Data excerpts

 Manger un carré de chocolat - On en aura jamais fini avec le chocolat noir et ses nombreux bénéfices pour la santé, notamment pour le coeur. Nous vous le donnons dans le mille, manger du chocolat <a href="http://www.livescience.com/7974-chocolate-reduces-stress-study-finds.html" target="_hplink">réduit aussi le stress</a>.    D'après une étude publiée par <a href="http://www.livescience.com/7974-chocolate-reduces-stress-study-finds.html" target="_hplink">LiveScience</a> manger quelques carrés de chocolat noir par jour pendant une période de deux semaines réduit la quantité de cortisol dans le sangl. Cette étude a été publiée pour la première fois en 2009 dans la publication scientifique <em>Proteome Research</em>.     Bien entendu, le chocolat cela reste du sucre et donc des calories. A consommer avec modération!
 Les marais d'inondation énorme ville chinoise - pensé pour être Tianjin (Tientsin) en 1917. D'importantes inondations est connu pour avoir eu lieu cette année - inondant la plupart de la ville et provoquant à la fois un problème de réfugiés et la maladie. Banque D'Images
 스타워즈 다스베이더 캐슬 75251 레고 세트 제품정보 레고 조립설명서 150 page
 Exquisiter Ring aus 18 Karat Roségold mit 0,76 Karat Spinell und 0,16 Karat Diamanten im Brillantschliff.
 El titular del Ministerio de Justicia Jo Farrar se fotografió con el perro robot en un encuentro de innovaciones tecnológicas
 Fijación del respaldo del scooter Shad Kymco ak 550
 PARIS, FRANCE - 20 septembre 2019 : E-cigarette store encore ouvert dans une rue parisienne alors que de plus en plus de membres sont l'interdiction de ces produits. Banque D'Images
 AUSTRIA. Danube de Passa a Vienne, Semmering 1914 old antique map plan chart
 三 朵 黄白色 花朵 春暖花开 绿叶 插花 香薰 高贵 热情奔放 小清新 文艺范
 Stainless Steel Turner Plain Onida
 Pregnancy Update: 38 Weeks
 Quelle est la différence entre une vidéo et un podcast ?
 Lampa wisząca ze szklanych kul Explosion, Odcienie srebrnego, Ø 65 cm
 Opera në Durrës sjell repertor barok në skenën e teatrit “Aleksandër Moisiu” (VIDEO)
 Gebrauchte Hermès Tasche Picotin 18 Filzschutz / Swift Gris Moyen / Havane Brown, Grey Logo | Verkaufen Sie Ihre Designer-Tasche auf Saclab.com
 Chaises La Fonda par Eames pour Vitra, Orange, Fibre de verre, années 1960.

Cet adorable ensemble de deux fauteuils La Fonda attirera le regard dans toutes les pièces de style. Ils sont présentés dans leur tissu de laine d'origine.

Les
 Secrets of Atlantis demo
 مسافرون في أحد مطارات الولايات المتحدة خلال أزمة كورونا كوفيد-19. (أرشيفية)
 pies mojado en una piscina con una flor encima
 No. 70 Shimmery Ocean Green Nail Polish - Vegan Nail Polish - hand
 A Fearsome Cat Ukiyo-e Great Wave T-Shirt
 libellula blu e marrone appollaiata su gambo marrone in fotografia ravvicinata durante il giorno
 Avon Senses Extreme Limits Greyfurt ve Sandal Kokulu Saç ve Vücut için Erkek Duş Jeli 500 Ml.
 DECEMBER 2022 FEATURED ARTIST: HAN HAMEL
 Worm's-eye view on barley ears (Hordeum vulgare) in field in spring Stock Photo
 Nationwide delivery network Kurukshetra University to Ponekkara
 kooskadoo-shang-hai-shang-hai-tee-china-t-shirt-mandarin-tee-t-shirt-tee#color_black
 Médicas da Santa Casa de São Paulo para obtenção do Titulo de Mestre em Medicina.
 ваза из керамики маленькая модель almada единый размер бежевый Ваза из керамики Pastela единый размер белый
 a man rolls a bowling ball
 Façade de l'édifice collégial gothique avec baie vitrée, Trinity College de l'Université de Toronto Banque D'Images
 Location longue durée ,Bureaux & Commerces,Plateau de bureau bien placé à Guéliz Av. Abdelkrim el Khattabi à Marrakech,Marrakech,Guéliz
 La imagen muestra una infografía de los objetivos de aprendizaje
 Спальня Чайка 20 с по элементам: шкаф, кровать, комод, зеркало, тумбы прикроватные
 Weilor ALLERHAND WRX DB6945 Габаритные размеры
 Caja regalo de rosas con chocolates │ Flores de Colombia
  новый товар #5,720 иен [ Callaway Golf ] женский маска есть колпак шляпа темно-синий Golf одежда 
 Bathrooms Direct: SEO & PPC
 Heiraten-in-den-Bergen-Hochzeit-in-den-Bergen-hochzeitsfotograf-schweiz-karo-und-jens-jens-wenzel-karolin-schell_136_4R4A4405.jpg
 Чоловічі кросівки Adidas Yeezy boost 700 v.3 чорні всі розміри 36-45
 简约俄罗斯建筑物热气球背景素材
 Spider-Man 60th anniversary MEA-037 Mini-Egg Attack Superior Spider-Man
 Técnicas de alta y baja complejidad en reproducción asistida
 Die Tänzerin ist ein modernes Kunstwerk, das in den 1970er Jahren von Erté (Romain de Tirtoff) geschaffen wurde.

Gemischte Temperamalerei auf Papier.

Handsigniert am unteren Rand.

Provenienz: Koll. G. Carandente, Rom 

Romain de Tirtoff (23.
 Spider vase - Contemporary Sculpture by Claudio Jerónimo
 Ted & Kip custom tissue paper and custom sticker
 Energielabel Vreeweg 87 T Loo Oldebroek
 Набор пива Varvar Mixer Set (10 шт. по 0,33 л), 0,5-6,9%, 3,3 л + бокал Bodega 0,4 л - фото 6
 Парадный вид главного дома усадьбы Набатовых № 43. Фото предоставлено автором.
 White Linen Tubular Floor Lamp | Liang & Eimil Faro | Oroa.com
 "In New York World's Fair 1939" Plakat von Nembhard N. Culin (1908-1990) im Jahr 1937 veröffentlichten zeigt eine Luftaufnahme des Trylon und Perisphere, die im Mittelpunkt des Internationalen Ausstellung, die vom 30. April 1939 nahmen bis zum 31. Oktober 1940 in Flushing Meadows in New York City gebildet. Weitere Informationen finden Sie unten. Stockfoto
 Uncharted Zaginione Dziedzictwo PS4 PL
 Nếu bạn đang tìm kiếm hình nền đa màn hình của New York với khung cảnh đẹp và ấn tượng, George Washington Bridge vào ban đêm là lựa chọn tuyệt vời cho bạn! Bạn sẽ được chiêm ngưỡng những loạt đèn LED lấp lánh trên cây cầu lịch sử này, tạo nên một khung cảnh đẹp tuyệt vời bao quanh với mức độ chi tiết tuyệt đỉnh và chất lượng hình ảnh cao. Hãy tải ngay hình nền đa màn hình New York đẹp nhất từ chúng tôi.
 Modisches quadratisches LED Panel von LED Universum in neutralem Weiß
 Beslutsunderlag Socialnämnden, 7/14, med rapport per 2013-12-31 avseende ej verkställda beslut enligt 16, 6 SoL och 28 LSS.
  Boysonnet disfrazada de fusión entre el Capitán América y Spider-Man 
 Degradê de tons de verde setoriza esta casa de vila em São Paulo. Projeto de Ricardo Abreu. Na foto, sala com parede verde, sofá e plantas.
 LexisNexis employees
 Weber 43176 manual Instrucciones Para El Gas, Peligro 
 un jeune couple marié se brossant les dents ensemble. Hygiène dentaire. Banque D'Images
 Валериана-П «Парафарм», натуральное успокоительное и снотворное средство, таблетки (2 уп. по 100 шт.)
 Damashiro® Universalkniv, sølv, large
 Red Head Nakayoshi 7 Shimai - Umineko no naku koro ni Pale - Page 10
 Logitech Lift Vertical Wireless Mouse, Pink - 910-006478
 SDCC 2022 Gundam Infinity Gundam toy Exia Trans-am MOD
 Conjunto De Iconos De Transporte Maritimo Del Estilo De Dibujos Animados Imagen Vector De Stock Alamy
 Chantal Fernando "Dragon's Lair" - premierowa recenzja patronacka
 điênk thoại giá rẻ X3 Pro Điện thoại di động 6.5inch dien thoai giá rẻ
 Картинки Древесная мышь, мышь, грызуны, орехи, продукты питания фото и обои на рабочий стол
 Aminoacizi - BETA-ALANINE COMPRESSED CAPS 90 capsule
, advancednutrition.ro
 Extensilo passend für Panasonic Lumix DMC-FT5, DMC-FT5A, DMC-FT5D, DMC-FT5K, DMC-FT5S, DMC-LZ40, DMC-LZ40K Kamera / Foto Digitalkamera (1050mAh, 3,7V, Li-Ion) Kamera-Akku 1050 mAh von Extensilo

> _Directions_: Note each line of the entries that has "entre" in it, and copy those lines.

> _Task result_:
 Quelle est la différence entre une vidéo et un podcast ?
  Boysonnet disfrazada de fusión entre el Capitán América y Spider-Man 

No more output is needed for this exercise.